I tend to view 20 pounds or 10 years as a rounding error, but the principle behind it is sound: Physical attributes matter. And they matter a lot. Once you accept that, it makes training a lot easier because you are less prone to setting unrealistic expectations for yourself.
Look, we want to believe that Jiu Jitsu is magic. It’s not. That’s why there are weight classes and gender categories in competition. If there weren’t, with few exceptions all the world champions would be the biggest, most athletic men. The only way to be a 160 pound world champion is when you are facing other 160 pounders.

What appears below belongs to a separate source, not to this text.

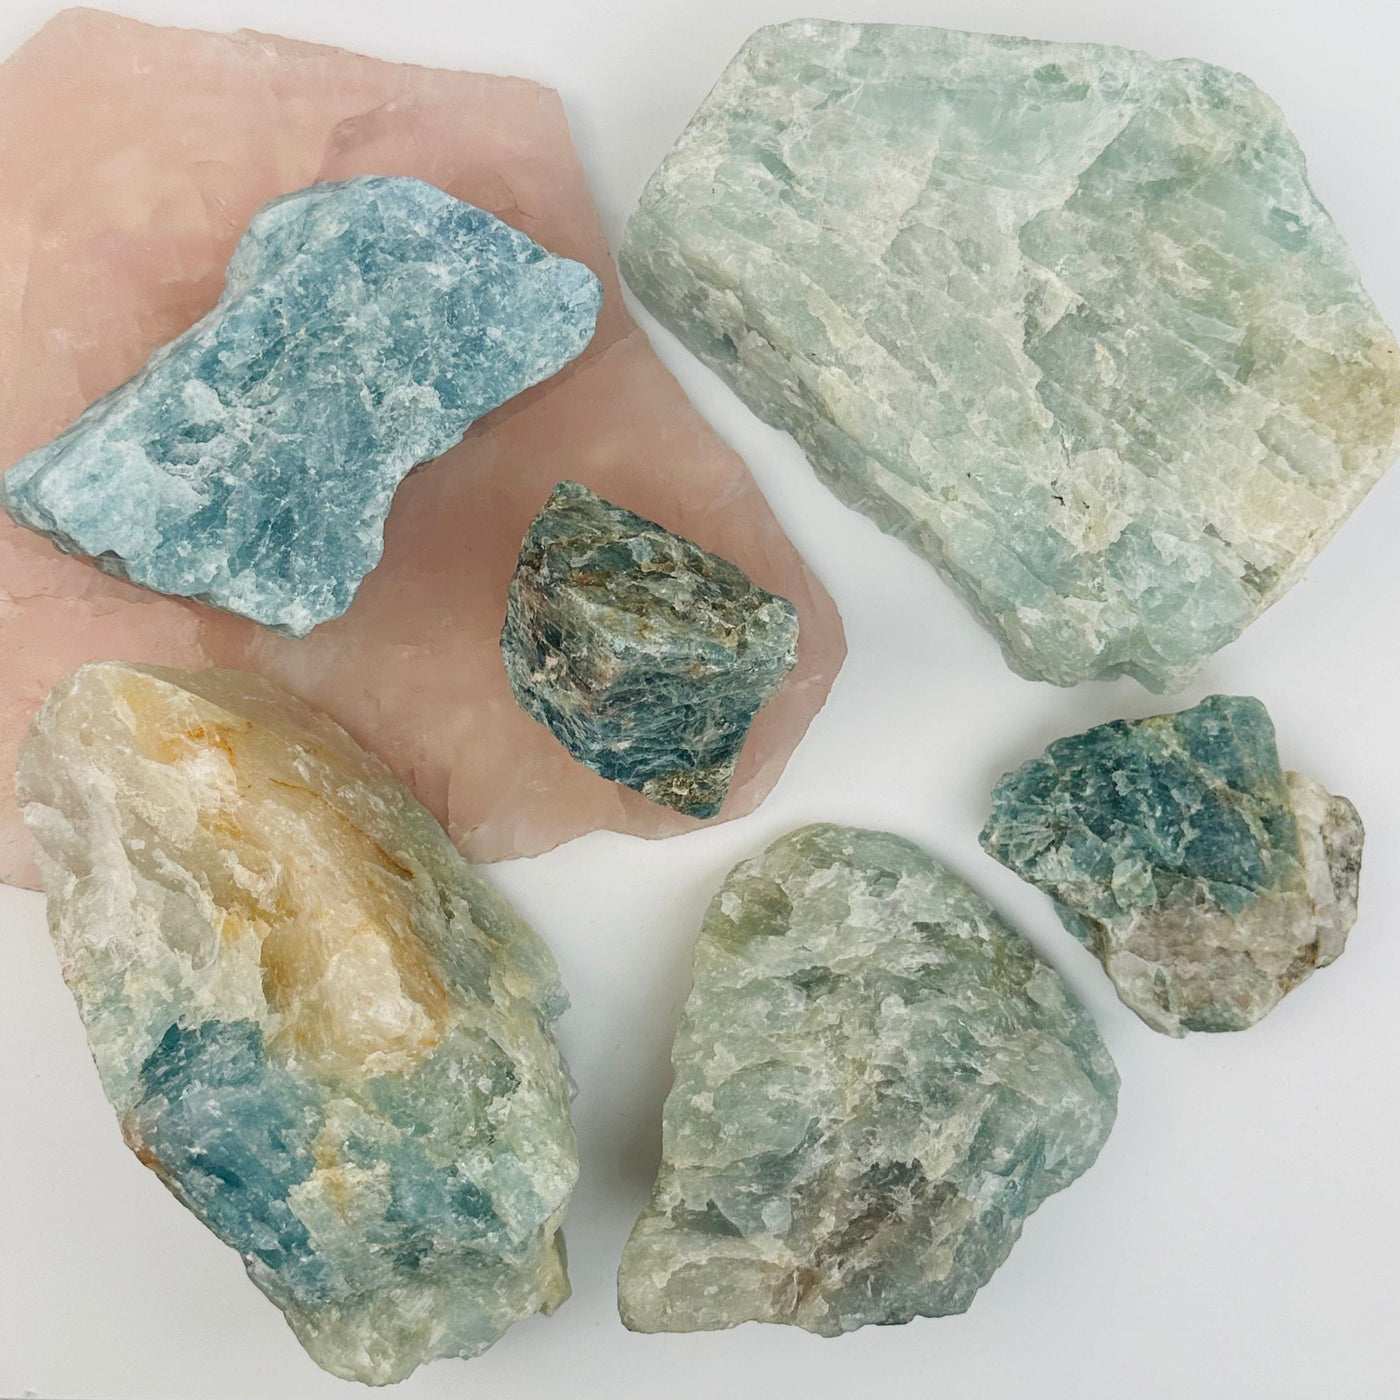 multiple stones displayed to show the differences in the cluster sizes and color shades

So the idea that a purple belt is someone that can beat all blue belts is nonsense. There are too many other variables. Of course an average purple belt should have objectively measurable better technique than an average blue, but that alone doesn’t determine effectiveness. It’s the combination of technique and attributes.
It’s a universal desire to represent ones belt perfectly. I’ve been susceptible to that plenty of times. Even when you understand that size, strength, and athleticism matter you’re not immune to feeling bad that you can’t overcome it. No one likes having difficulty tapping a lower belt (or being tapped by one). It can be very humbling. But the first and most important step is to acknowledge that our effectiveness is based on the sum total of who we are both physically and mentally. And we are not all equal in that regard.
Competition is probably as close as you can get to measuring your skill relative others because you’re going against athletes at your belt and weight. But even then it’s imperfect. A new blue belt going against a blue on the cusp of purple is unlikely to fare very well. Plus, the competition scene these days is full of physically gifted people at every level who train like pro athletes. That’s a very high bar. There’s also a ton of specialization and strategy. Competition is a game, and like all games, the person who is best at not only playing the game but gaming the game usually wins.
So at the end of the day your only reliable measuring stick is you. Are you a blue belt compared to the person you were when you walked in the door on your first day of class? If the answer is yes, then you’re a blue belt.